Don’t get me wrong, scripture is essential. It is “God breathed.” But we cannot simply interpret it like any other book. It has one foundation. This is why we can have translations. If you want to understand the impact of the givens of culture, context, and language, simply look at the Muslims. For them the Quran is the Word of God. But to be so it must be in Arabic. For them, God spoke Arabic, and they are aware that every act of translation is an act of interpretation.

This is not so heavy or binding a matter for us because the Bible is not the Word of God in the same way Muslims understand the Quran to be. No, “The Word became flesh and dwelt among us.” The Word of God came in the human language of the man Jesus the Messiah living a human story that revealed God. Through him and by him all other scripture is interpreted and understood. It is not subject to one’s own interpretation, but only interpreted by the Spirit who indwells his body the church.
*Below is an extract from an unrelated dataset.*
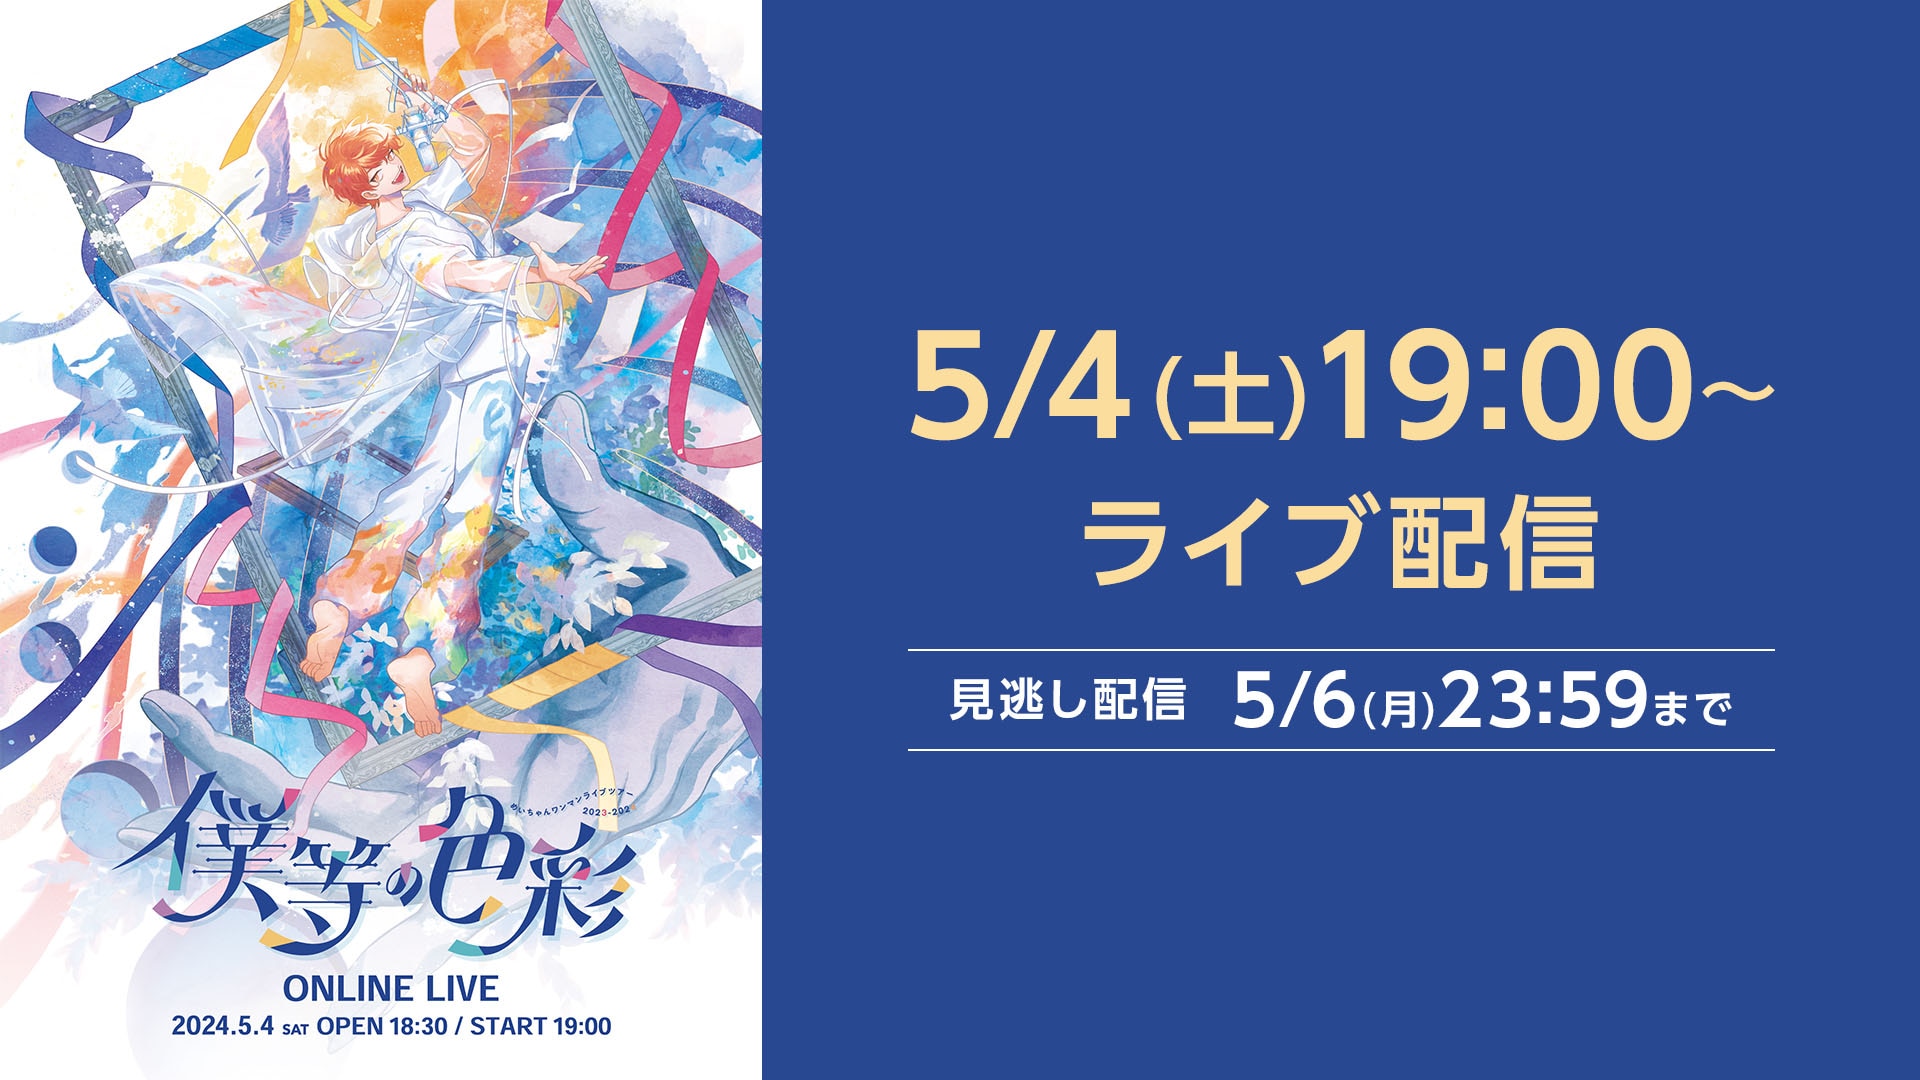 めいちゃんワンマン ONLINE LIVE「僕等の色彩」 | ライブ配信（LIVE 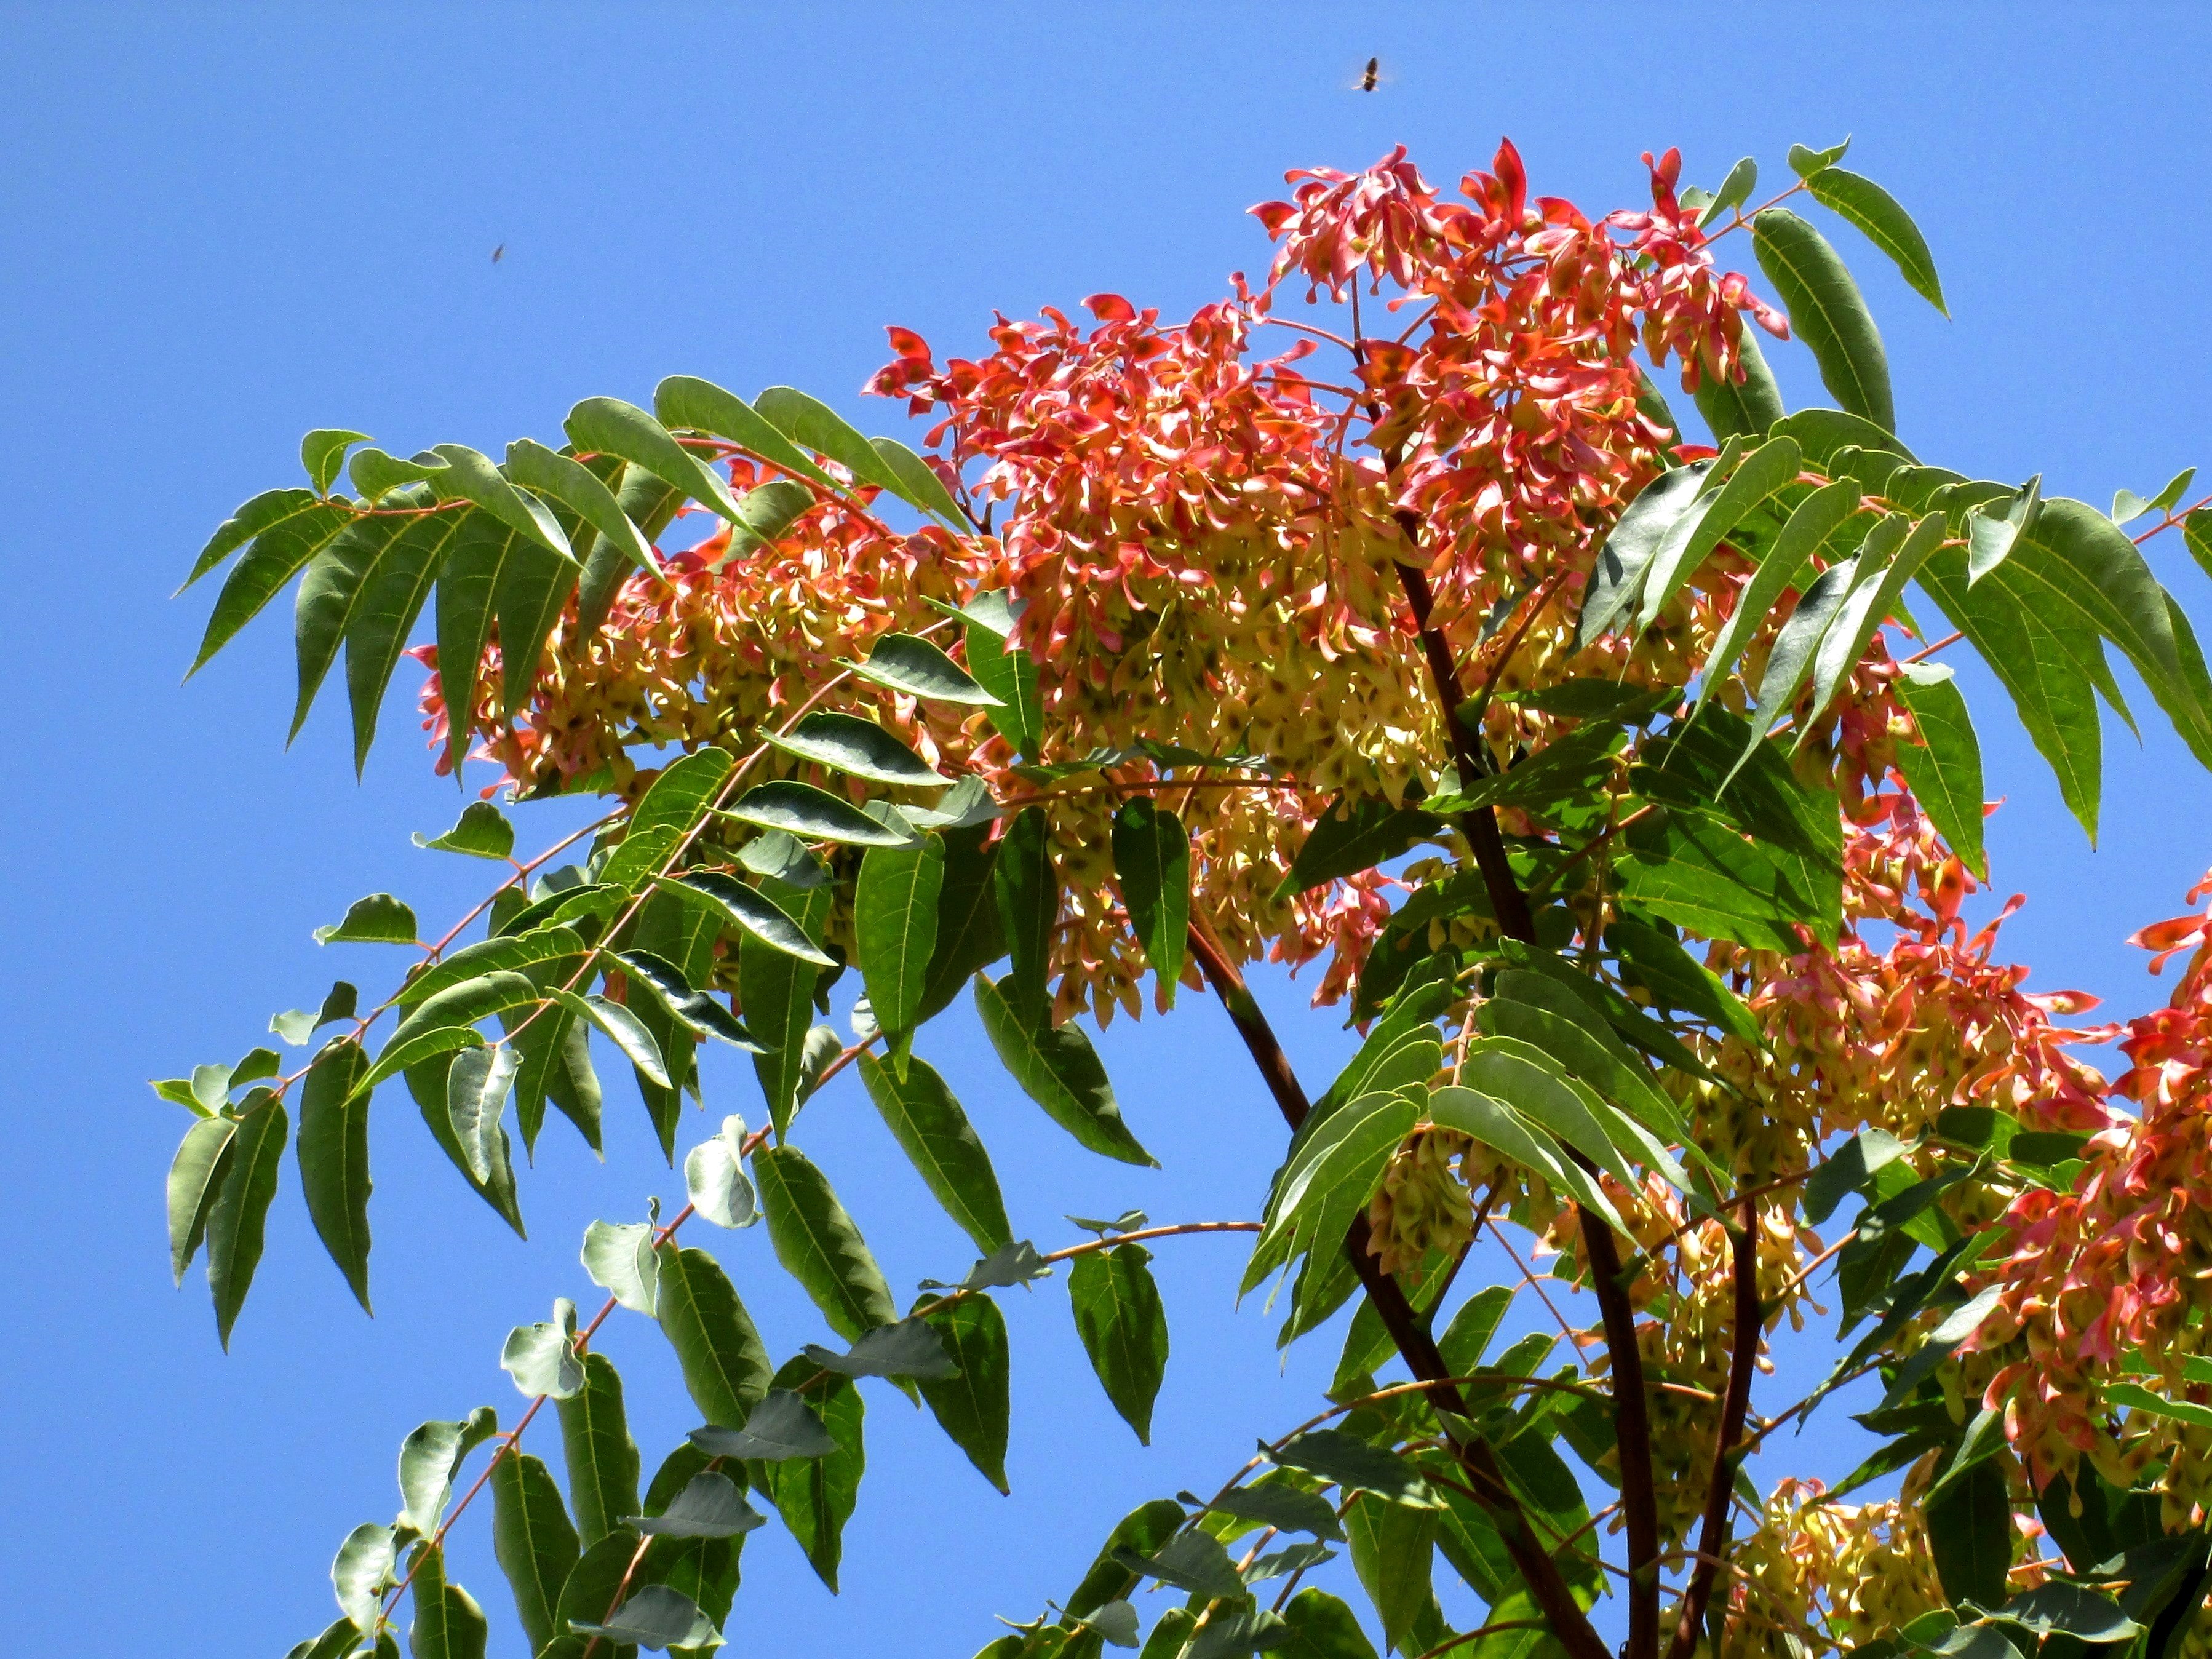 Айлант высочайший. Айлант китайский ясень. Айлант дерево. Айлант высочайший китайский ясень. Айлант высочайший, китайский ясень (Ailanthus altissima).

Christ is revealed in the breaking of bread and in the scriptures. He is the lived out and perfect expression of God. In Him all the fullness of God dwells bodily. So, we must interpret all scripture by what we know of God in Jesus Christ.

He is the self-giving, self-emptying God. His power is revealed on the cross. That is why “it is for freedom he sets us free.” He longs to give us our selves that we may give them back to him in Love. for he is Love and he defines love for us. And Paul lays out the love visible in Christ in a definition in I Corinthians 13…in part “it hopes for all.”

This Love revealed in the person of Jesus the Messiah, this is the interpretive framework upon which we must build all of our understanding of the scriptures. Remember what Jesus himself noted as his interpretive framework when addressing his own actions: “Go and learn what this means: ‘I desire mercy, and not sacrifice.’ For I came not to call the righteous, but sinners.” (Matthew 9:13 and similar elsewhere.) This God who longs for all to repent, this God who comes to seek and save, this God who empties himself…He, as revealed in Jesus, is the source of the scriptures and we must interpret the scriptures in the light of his self revelation as Love.

In opposition to this, a strict five-point Calvinism reads Romans 9 as absolute, not conditional. It reads Roman 9 with the understanding of a lawyer from a world who understood power and authority and sovereignty in terms of some Machiavellian despotism.

To the contrary, God is truly sovereign. But his sovereignty is not the absolute control of some human despot that fears for his rule. He is not some puppet master pulling strings or the maker of automatons who must do every action predetermined by a programmer. His sovereignty, his providential acts are like those of a chess master who sees every possible move on the board…except that God plays with about 6 billion others whose boards are all interconnected and whose moves affect each other. And yet he still knows every possible move on the board and nothing can thwart his plan…he is playing for the abdication of each self as their own king. As their own rulers they destroy themselves and others. So, God works against them…all who will not abdicate and bring their pieces to his governance. “In human terms,” as Paul says in Romans 9, their sense is that God has prepared them for wrath. But he is patient, not willing that any should perish. Every move is for their good, even if they refuse to see it as such.

This of course is but the beginnings of an outline. But I hope it serves to show what I mean by Calvinism putting God in a box…it belittles his sovereignty.